Wrong. The "spot" in front of the P in Policia is the Argentine national crest.

"Interarms" (now defunct) was the importer of the gun, as required by U.S. law and regulations.

Most of these guns had a fairly rought life in Argentina and so were refinished there either by Parkerizing or rebluing.

ANY Argentine Hartford Colt is a fairly scarce item, this one all the more so since it was a very small special order for the Buenos Aires Police and not part of the original 10,000 gun order for the Argentine Army.

As it stands, although some originality is lost because of the refinish and importer's mark, anything the OP does to further modify this gun is only going to reduce it further in value.

Maxx_ammo, if you want to make a "cool shooter," sell this gun to a collector and buy yourself an RIA and have money left over to buy your accessories.

If you ruin this Argentine, you're only going to lose money, as you will never get back your investements for whatever changes you make to it.
 
I think Gyvel is right.

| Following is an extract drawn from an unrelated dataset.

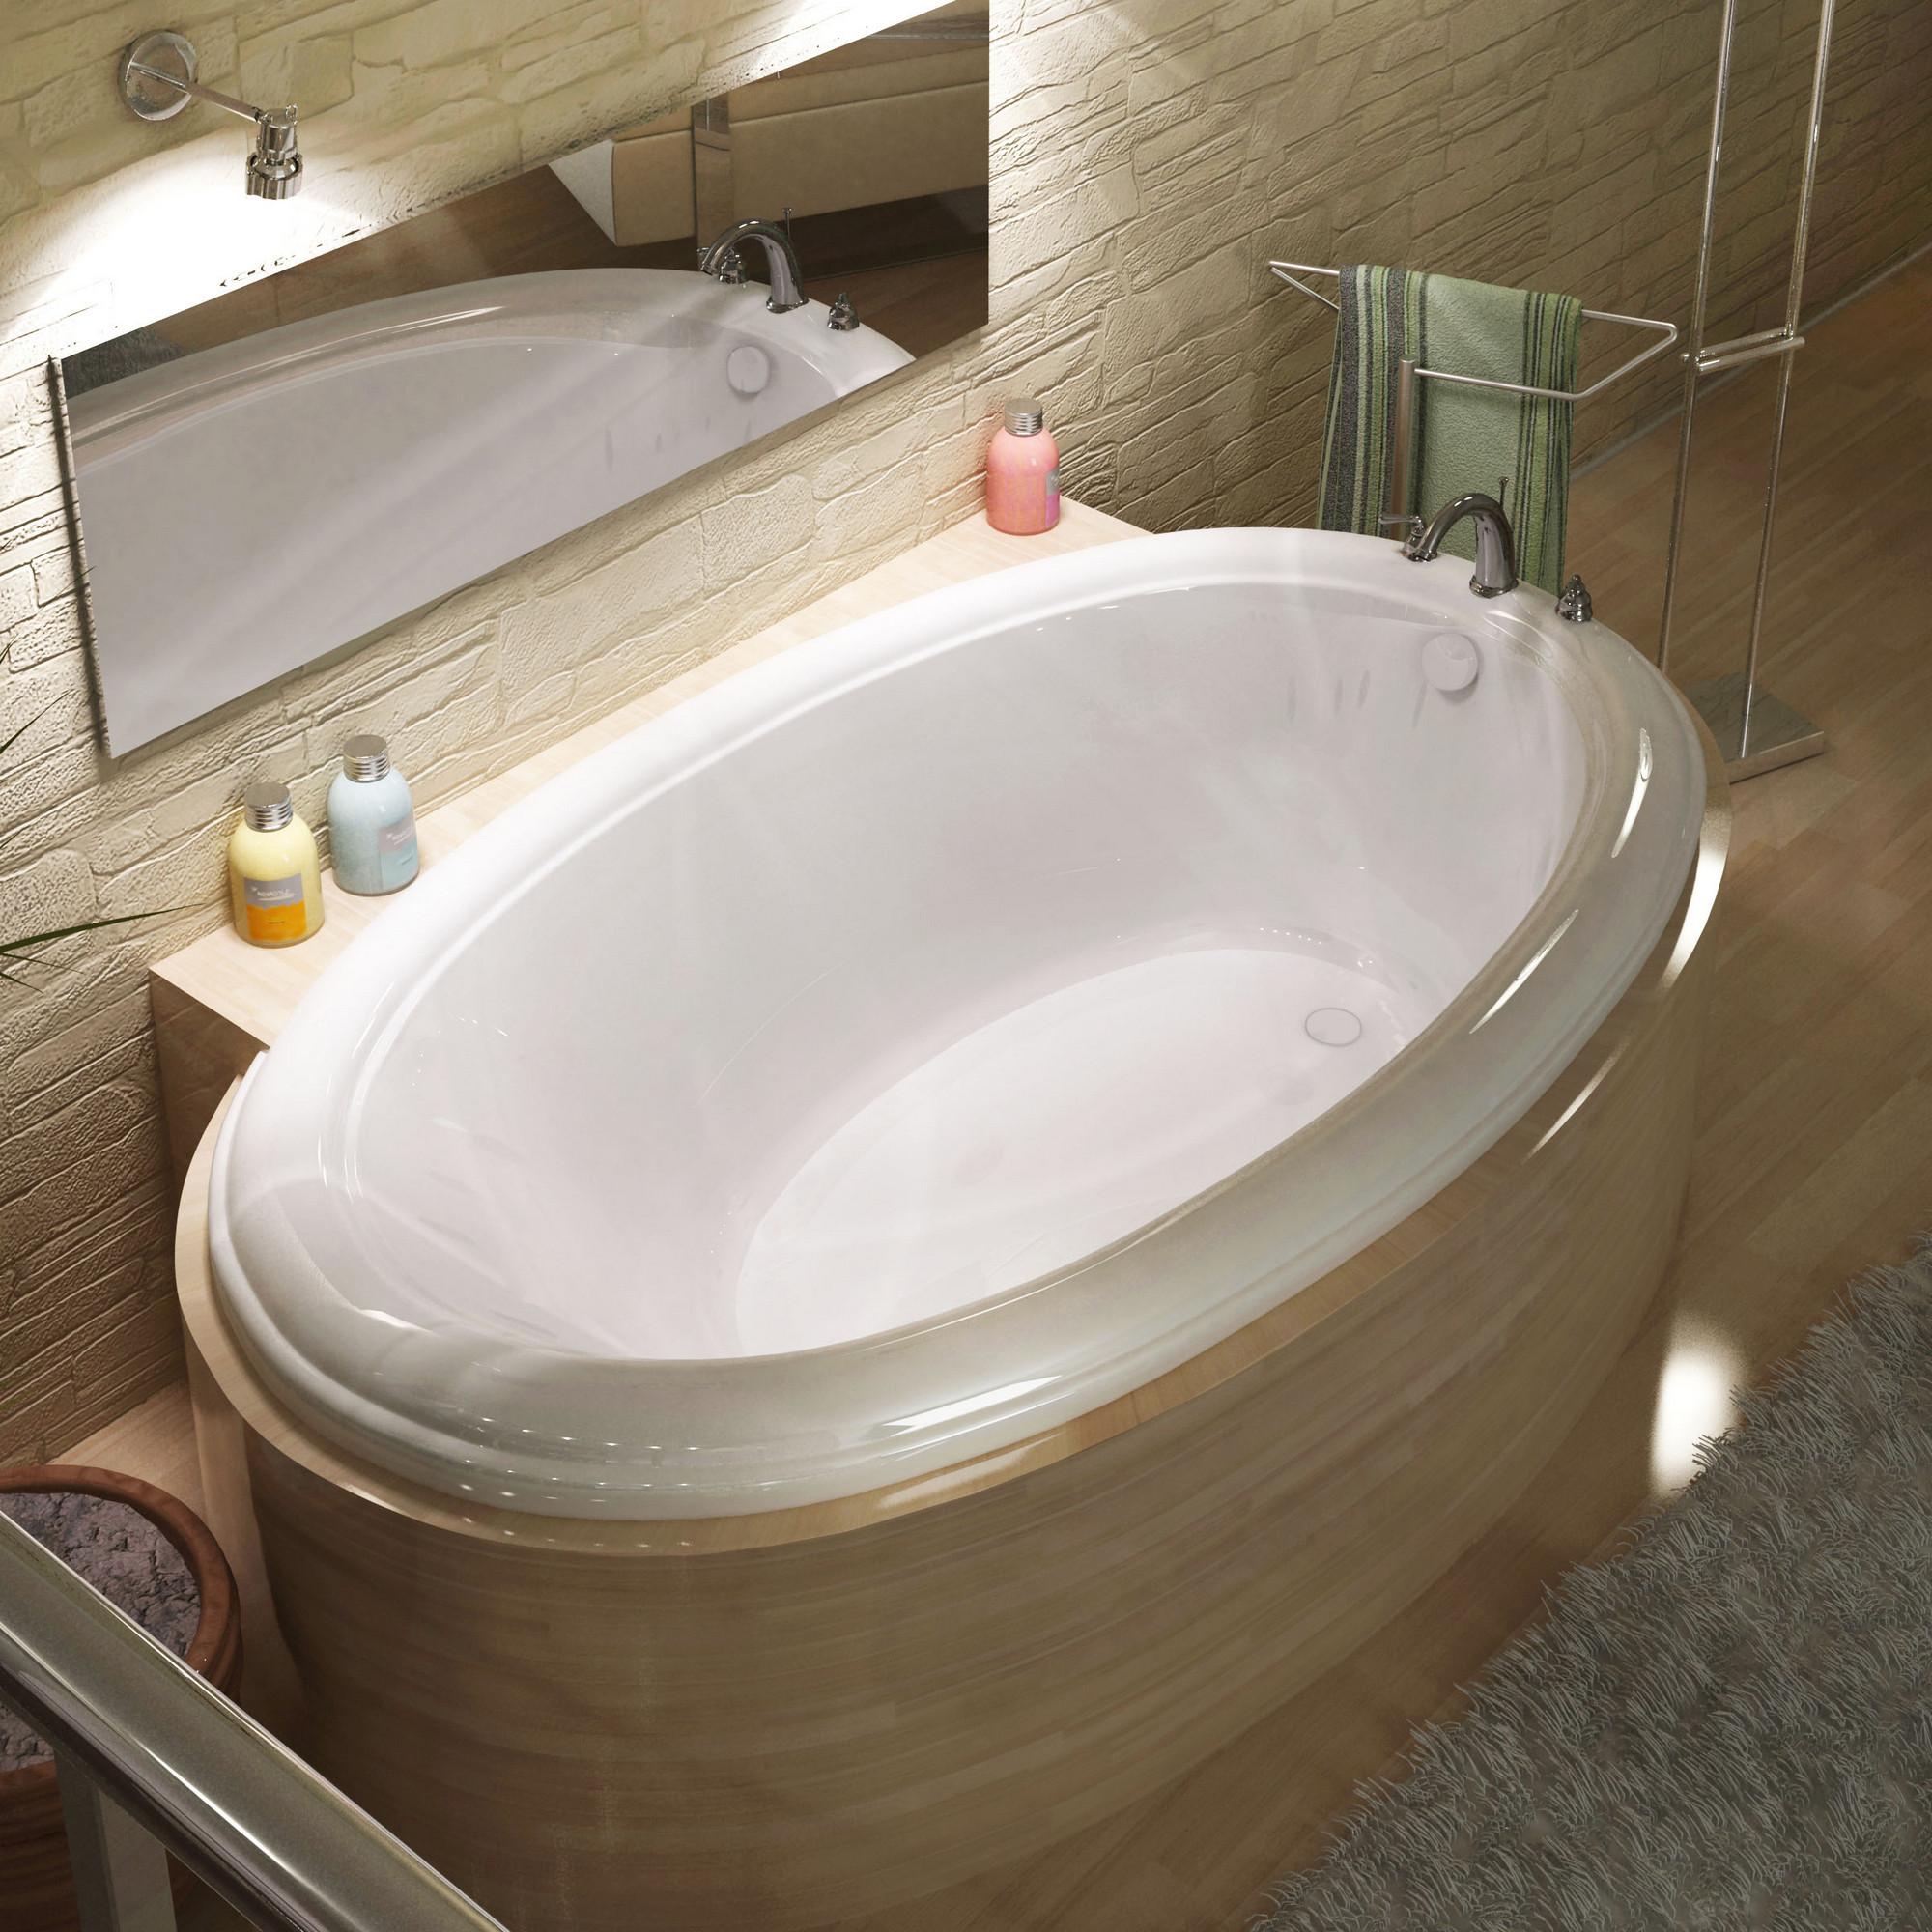 MediTub 4478PC Atlantis Petite 44 x 78 Drop In Oval Soaking Bathtub

I enlarged the "weld spot" and see feathers or leaves around the edge. It looks like it lost sharpness due to the Parkerizing, but it not a weld. The serial number is low enough to be the real thing, too. Hasty call on my part.

I'd take his suggestion and see if you can find a collector. You may come out ahead on this deal.
 
t

I can have the parkerizing removed and the gun re-blued in your opnions is this the safe move? I am not doing anythig to the gun it in any way that can not be change back by swapping parts..
 
asking price

anyone that can ball park me on an asking price for this gun in the current state I would be grateful.. think I will place it in my collection and just buy me a RIA to mod.. good advice..
 
You can strip the Parkerizing off easily enough, but the folks who applied it probably abrasive or bead blasted the metal first, taking off the original polishing and reducing the depth and definition of the stampings. If you are talking about restoring the gun to original condition some polishing will likely be involved and the markings will likely thin out even more. Unless you like collecting, I would leave that expense to the next owner so you don't have the money invested and putting yourself in the position of having to get a higher price to recoup the investment, which may be harder to do.
 
The Parkerizing is part of the history of the gun. Investing $200-300 in a professional reblue just doesn't make economic sense. It is money that you will never recover.

Check on Gunbroker to see what the market is bearing. Just remember to look at ONLY sold guns, not some guy with an unsold gun and an unrealistic price.